Comparison of inter-rater agreement.

	Deepseek-R1			ChatGPT-4.0
	Kappa	Standard error	P	Kappa	Standard error	P
Accuracy	0.727	0.173	0.003	0.615	0.238	0.001
Completeness	0.688	0.200	<0.001	0.706	0.185	0.004
Supplementality	0.762	0.223	0.002	0.792	0.140	<0.001
Misinformation	0.762	0.223	0.002	0.815	0.176	0.001

Comparative analysis of multidimensional scores between DeepSeek-R1 and ChatGPT-4.0

Comparative analysis revealed statistically significant differences in performance between DeepSeek-R1 and ChatGPT-4.0 across multiple evaluation dimensions. DeepSeek-R1 demonstrated significantly higher median scores in accuracy (P = 0.009), completeness (P = 0.010), and supplementality (P = 0.018). Conversely, no significant disparity was observed in the risk of misinformation between the two models (P = 0.671), indicating comparable performance in identifying unsubstantiated claims. A comprehensive breakdown of median scores and interquartile ranges across all metrics is presented in Table 3, with performance distributions for accuracy, completeness, supplementality, and misinformation further visualized in Figure 3.

Table 3.

Comparative analysis of multidimensional scores between DeepSeek-R1 and ChatGPT-4.0.

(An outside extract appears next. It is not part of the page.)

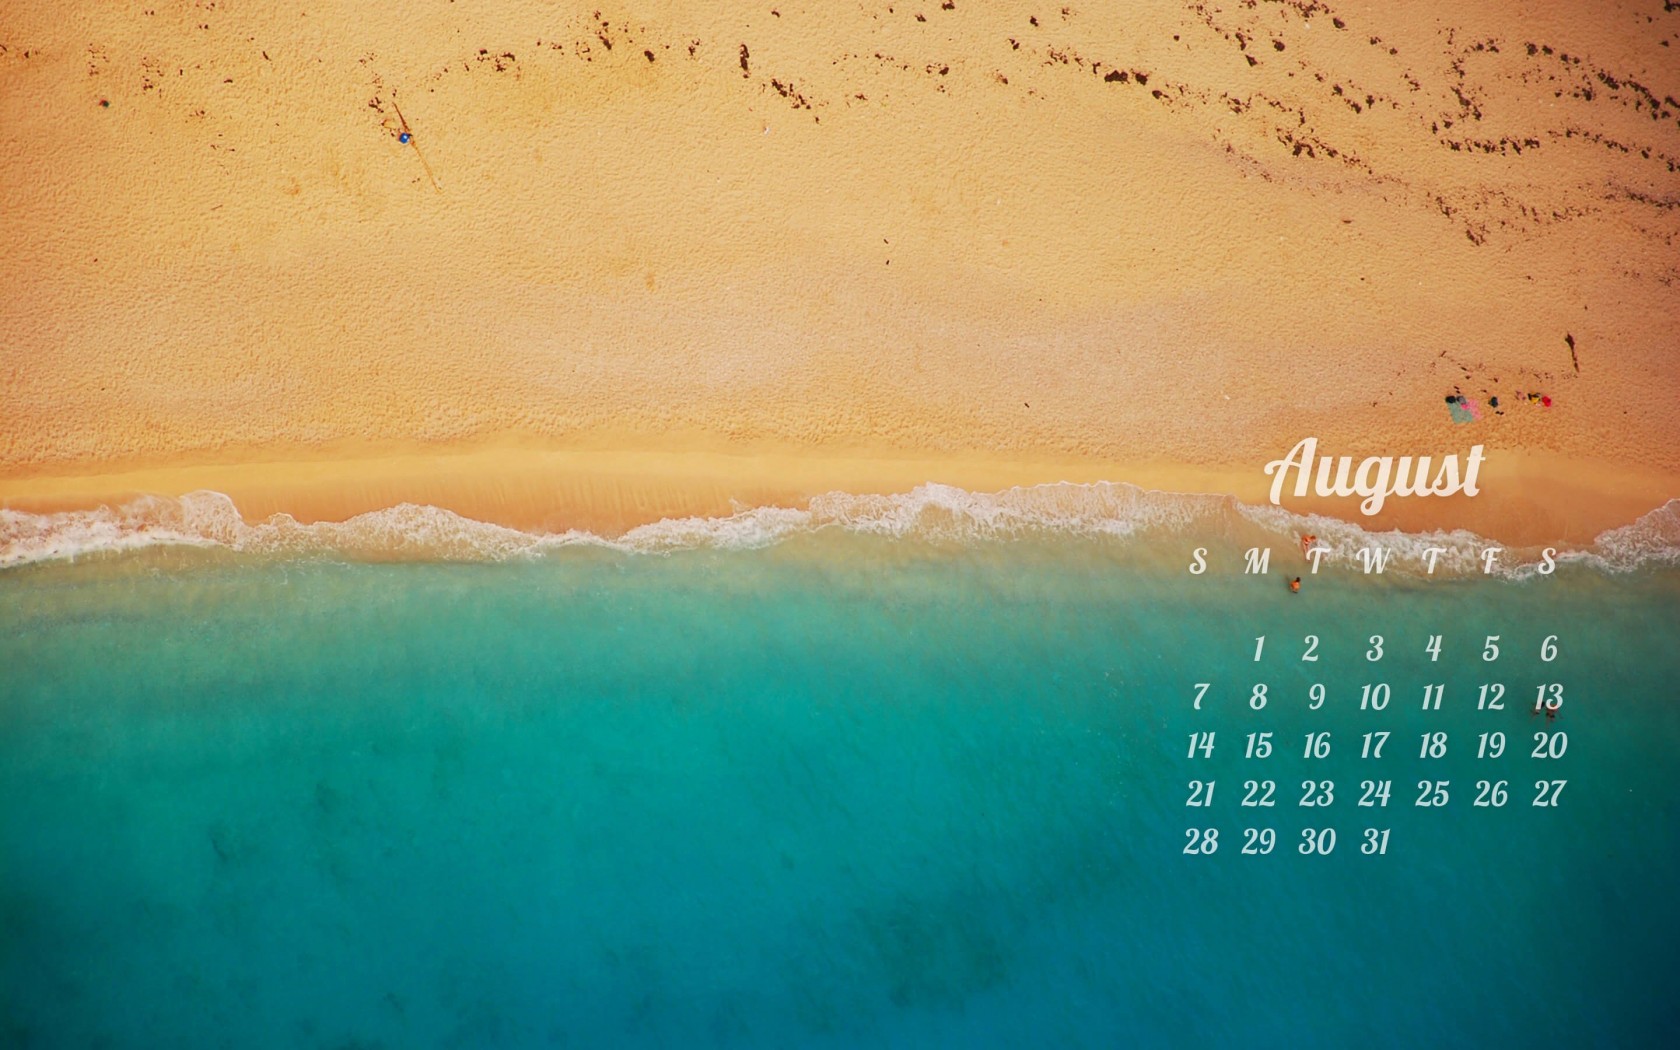 August 2016 Calendar Wallpaper for Desktop 1680x1050

		Deepseek-R1	ChatGPT-4.0	z	P
Accuracy		3 (2,3)	2 (2,2)	−2.604	0.009
Completeness		2 (1,2)	1 (1,1)	−2.569	0.010
Supplementality		2 (2,2)	1 (1,2)	−2.360	0.018
Misinformation	0	12 (80.00%)	13 (86.67%)	−0.424	0.671
Misinformation	1	3 (20.000%)	2 (13.33%)	−0.424	0.671

Figure 3.

Performance distributions of DeepSeek-R1 and ChatGPT-4.0. Note: A, Radar chart illustrating performance scores of DeepSeek-R1 across clinical questions; B, Radar charts illustrating performance scores of ChatGPT-4.0 across clinical questions.

Differences in model performance across question types

In analyses across the five predefined subgroups (diagnostic, non-surgical, surgical, perioperative, and emerging topics) revealed no statistically significant differences in performance between DeepSeek-R1 and ChatGPT-4.0 for any evaluation dimension. In accuracy assessments, DeepSeek-R1 consistently achieved marginally higher mean scores (ranging from 2.33 to 3.00) compared to ChatGPT-4.0 (1.67-2.67), though these differences lacked statistical significance (P = 0.42 and P = 0.17). Similarly, no significant intergroup disparities were observed in completeness (P = 0.38 and P = 0.64) or supplementality (P = 0.41 and P = 0.27) across question categories. While variations in misinformation detection rates between models were noted among subgroups, overall comparisons showed no statistically meaningful differences (P = 1.00 and P = 0.60). Notably, both DeepSeek-R1 and ChatGPT-4.0 achieved consistently low scores in the Misinformation domain, indicating a low frequency of inaccurate or non-evidence-based statements across all question categories. Detailed subgroup comparisons stratified by evaluation dimension are presented in Table 4.

Table 4.

Subgroup comparative analysis of DeepSeek-R1 and ChatGPT-4.0 across multidimensional expert ratings.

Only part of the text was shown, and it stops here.